Она ушла в частушки и анекдоты, а наверху появилась советская сатира, такая девушка по вызову из администрации, помните Велюрова из «Покровских ворот», да, «Эйзенхауэр болен войною», Сергей Михалков, который совмещал написание гимнов с сатирой. Про что скажет партия, про то и шутили, боролись с космополитами, со стилягами, с блоком НАТО. И слово фельетон, такое веселое слово фельетон, веселое - времен Аверченко, Дорошевича – оно стало звучать зловеще, потому что фельетон в газете «Правда» означал отмашку на расправу, это не имело никакого отношения уже ни к какой литературе. Появившийся фельетон против Булгакова ли, да, Мейерхольда ли, Пастернака, Бродского, означал, что сверху дали отмашку на расправу. И это было совсем не весело.
Но, повторяю, настоящая сатира ушла в эти самые подземные реки, и, собственно говоря, самый краткий курс русской истории 20-ого века можно пройти по анекдотам и частушкам, вместо этого тома там, в общем, блестяще обойдемся. Слово самиздат, кстати, принадлежит поэту Николаю Глазкову замечательному, он сшивал свои стишки в тетрадные листы, просто сшивал свои стихи, и он первый написал – только это называлось у него «самсебяиздат», это было у него так он писал – «самсебяиздат», тиражом в один экземпляр. Потом «себя» убрал – и стал «самиздат». «Самиздат и тамиздат». Ницше говорил, что смех – это последний бастион раба, и этот бастион мы держали весь наш советский двадцатый век, вот его мы не отдали, вот тут все было в порядке.
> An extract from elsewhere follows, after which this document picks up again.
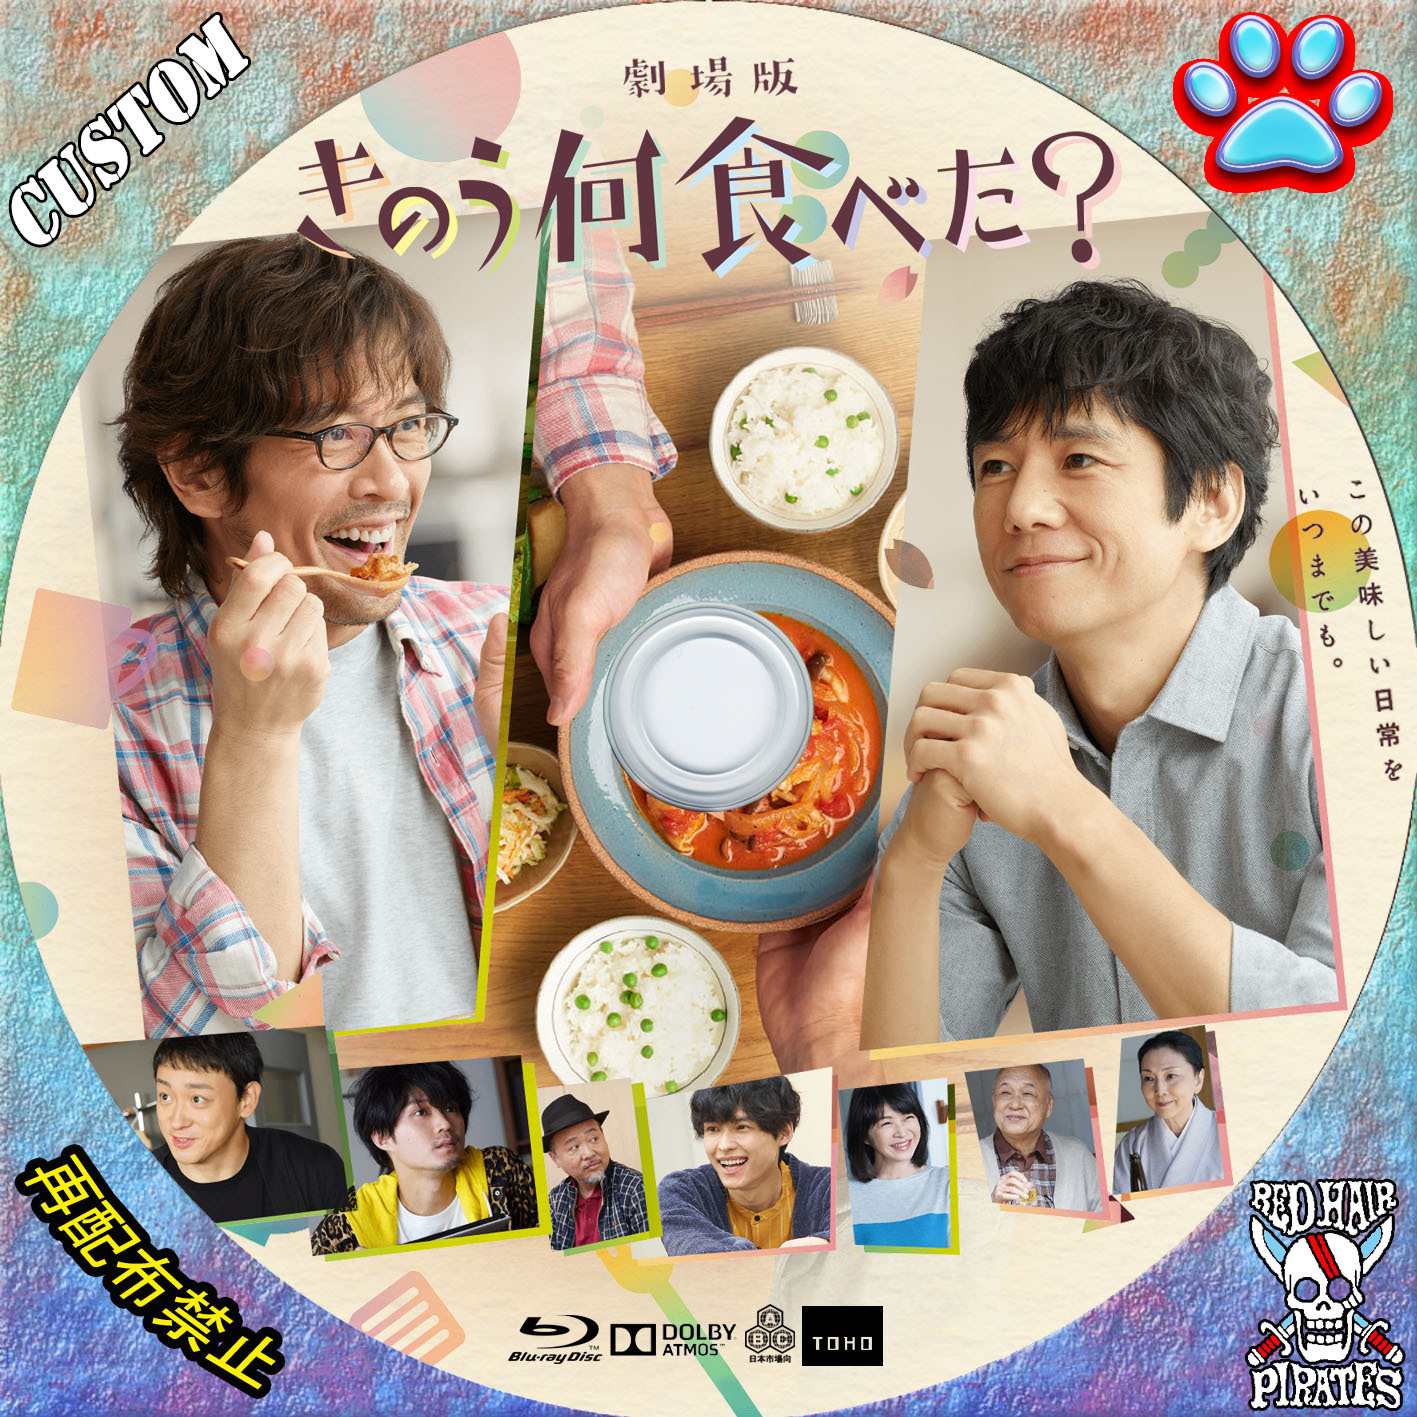 きのう何食べた? DVD 全巻 1-4巻 正月スペシャル 西島秀俊 内野聖陽

Начнем с революции. По анекдоту можно понять – смешно? Это мой учитель говорил, блестящий советский фельетонист Леонид Лиходеев, появившийся в пятидесятые годы и вернувший фельетоны из тридцатилетнего обморока, уже настоящий литературный фельетон. Я был у него в обучении один день, мы чего-то читали, он потом сказал: «Виктор, дайте листочки». Я дал листочки. «Смотрите, вот над этим смеялись, а над этим нет, и над этим не очень, а над этим хорошо смеялись, почему?». Я не знал почему. Он сказал: «Смотрите, потому что это правда, а это нет. А смешно то, что правда». Это фантастическая, точная формулировка: смешно то, что правда. Непременно парадоксальная, странная, да, неожиданная, но непременно правда. Мы смеемся над шаржем – похож. И наш смех подтверждает эту похожесть, а если не похож – то мы не смеемся. Это то, почему смеха, по Гоголю, так боятся, почему смеха боится тот, кто ничего не боится – потому что смех неотменяем, если вы рассмеялись над анекдотом, вы признали его правоту. Если бы он не был точным, вы бы не рассмеялись, и поэтому советская власть по-настоящему, зримо рухнула не от Солженицына и Сахарова, конечно, а от Жванецкого и Высоцкого, потому что когда люди в голос хохочут, тысячи людей – это диагноз, с этим ничего нельзя сделать. «Ой, Вань, умру от акробатиков – вот тебе и все строители коммунизма», все, вот они. Вот это вот они и есть, это вот рабочий класс. С этим сделать ничего нельзя. «83-ий год» - из Жванецкого – «и что смешно, министр мясной и молочной промышленности есть и очень хорошо выглядит». Вот сейчас такой смешок, а в 83-ем обвал, обвал, пополам люди складывались, просто их лиц не было видно. Смешно, потому что правда, и с этим ничего нельзя сделать.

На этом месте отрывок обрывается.